I'm basically going to count the number of reviews with scores ending at each decimal place, and compare that to what we'd expect under both models. Simple? Let's go!
# ----- Get observed counts
# the rounding is due to a weird issue with the mod operator,
# some scores have a mod of like 0.00000002003 or something nutty.
value = round(as.vector(scores$score) %% 1.0, 1)
observed = as.data.frame(table(value))
colnames(observed) <- c('decimal','count')
observed
decimal | count |
---|---|
0 | 2776 |
0.1 | 1392 |
0.2 | 1749 |
0.3 | 1602 |
0.4 | 1723 |
0.5 | 2049 |
0.6 | 1571 |
0.7 | 1662 |
0.8 | 2151 |
0.9 | 1718 |
# ----- Compute expected values assuming uniform choices
uniform = as.data.frame(table(round(seq(0,10,0.1) %% 1.0,1)))
colnames(uniform) = c('decimal','count')
uniform$proportion = uniform$count / sum(uniform$count)
uniform$count = uniform$proportion * sum(observed$count)
uniform
decimal | count | proportion |
---|---|---|
0 | 2003.198 | 0.1089109 |
0.1 | 1821.089 | 0.0990099 |
0.2 | 1821.089 | 0.0990099 |
0.3 | 1821.089 | 0.0990099 |
0.4 | 1821.089 | 0.0990099 |
0.5 | 1821.089 | 0.0990099 |
0.6 | 1821.089 | 0.0990099 |
0.7 | 1821.089 | 0.0990099 |
0.8 | 1821.089 | 0.0990099 |
0.9 | 1821.089 | 0.0990099 |
# ----- compute expected values assuming normal choices
x = seq(0,10,0.1)
m = mean(scores$score)
s = sd(scores$score)
density = dnorm(x, mean = m, sd = s)
p = density / sum(density)
idx = round(x %% 1.0,1)
normal = data.frame(list(score = x, decimal = idx, prob = p))
normal = aggregate(normal$prob, by=list(normal$decimal), FUN=sum)
colnames(normal) = c('decimal','proportion')

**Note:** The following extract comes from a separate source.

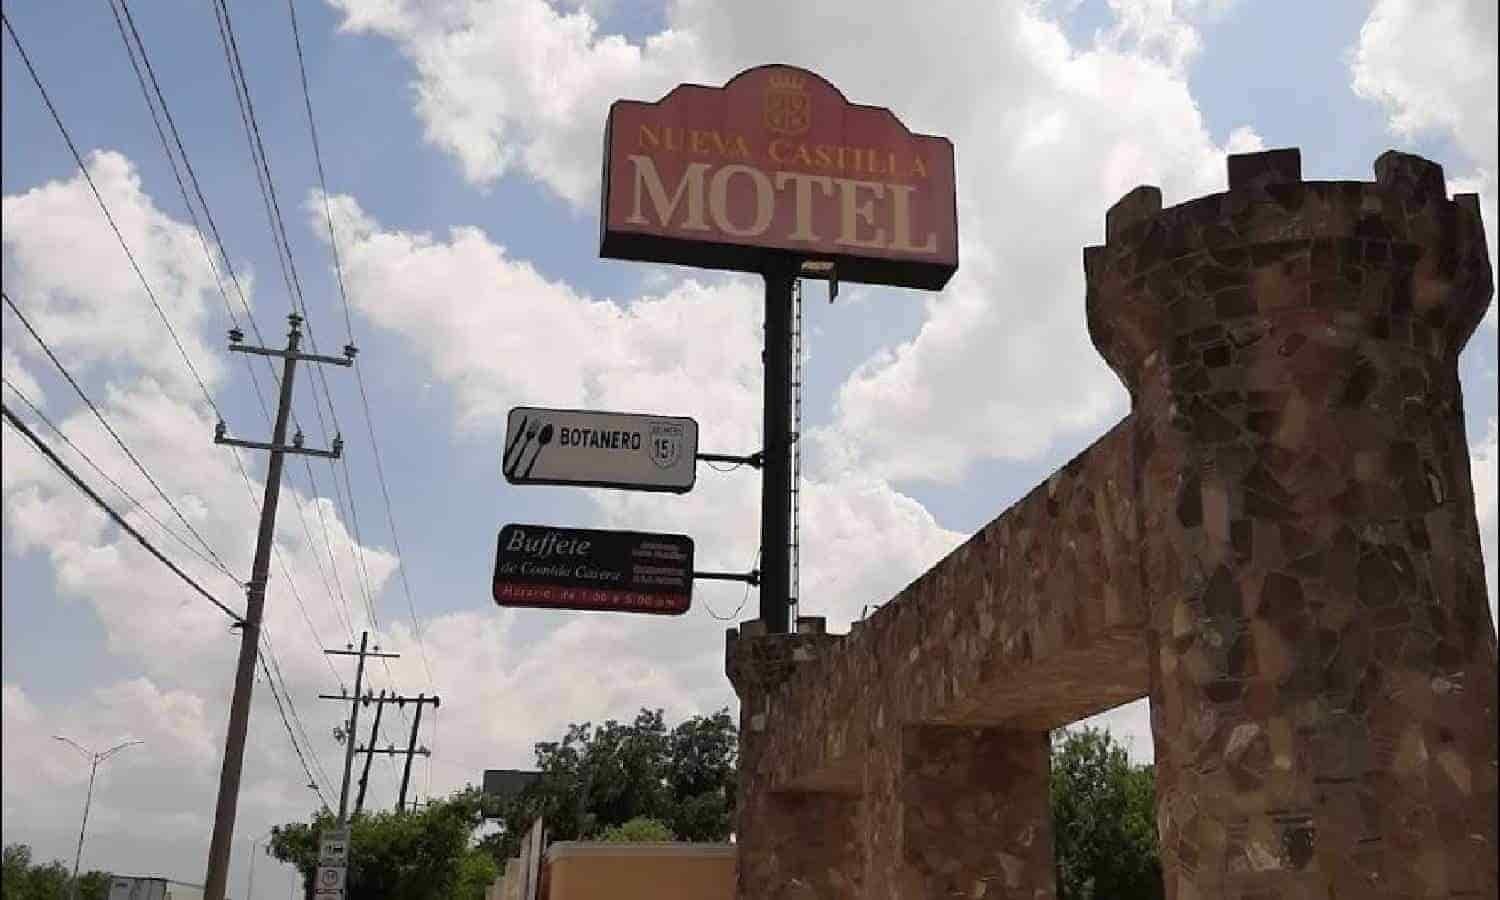 Exclusiva: Dueño de motel Nueva Castilla es un español

normal$count = normal$proportion * sum(observed$count)
normal
decimal | proportion | count |
---|---|---|
0.0 | 0.10065429 | 1851.334 |
0.1 | 0.09893412 | 1819.695 |
0.2 | 0.09928866 | 1826.216 |
0.3 | 0.09958802 | 1831.722 |
0.4 | 0.09983921 | 1836.343 |
0.5 | 0.10004867 | 1840.195 |
0.6 | 0.10022226 | 1843.388 |
0.7 | 0.10036521 | 1846.017 |
0.8 | 0.10048221 | 1848.169 |
0.9 | 0.10057736 | 1849.919 |
# get x ticks !
xticklabs = character()
for (i in 0:9) {
xticklabs = c(xticklabs, paste0('*.',toString(i)))
}
plot = ggplot(NULL, aes(x = decimal, y = count)) +
geom_bar(data = observed, stat = 'identity', colour = '#004D40' , fill = '#004D40') +
geom_point(data = uniform, aes(colour = 'Uniform Sampling'),
stroke = 1.25, size = 4, shape = 23) +
geom_point(data = normal, aes(x = 1:10, colour = 'Normal Sampling '),
stroke = 1.25, size = 6, shape = 23) +
ylab("Number of Reviews") +
scale_y_continuous(breaks = seq(from=0,to=3000,by=500)) +
scale_x_discrete(breaks=observed$decimal, labels=xticklabs) +
theme_bw(base_size = 10) +
theme(
axis.title.x=element_blank(),
panel.grid.major.x = element_blank(),
legend.direction="horizontal",
legend.title = element_blank(),
legend.position = c(0.5, 0.9),
panel.grid.minor.y = element_blank(),
axis.text.x = element_text(size=10),
) +
scale_colour_manual(values=c("#009688", "#FFB300"))
print(plot)
Obviously, *.0 is selected far more often than you'd expect if scoring was unbiased. I think this is pretty strong evidence of statistical heaping!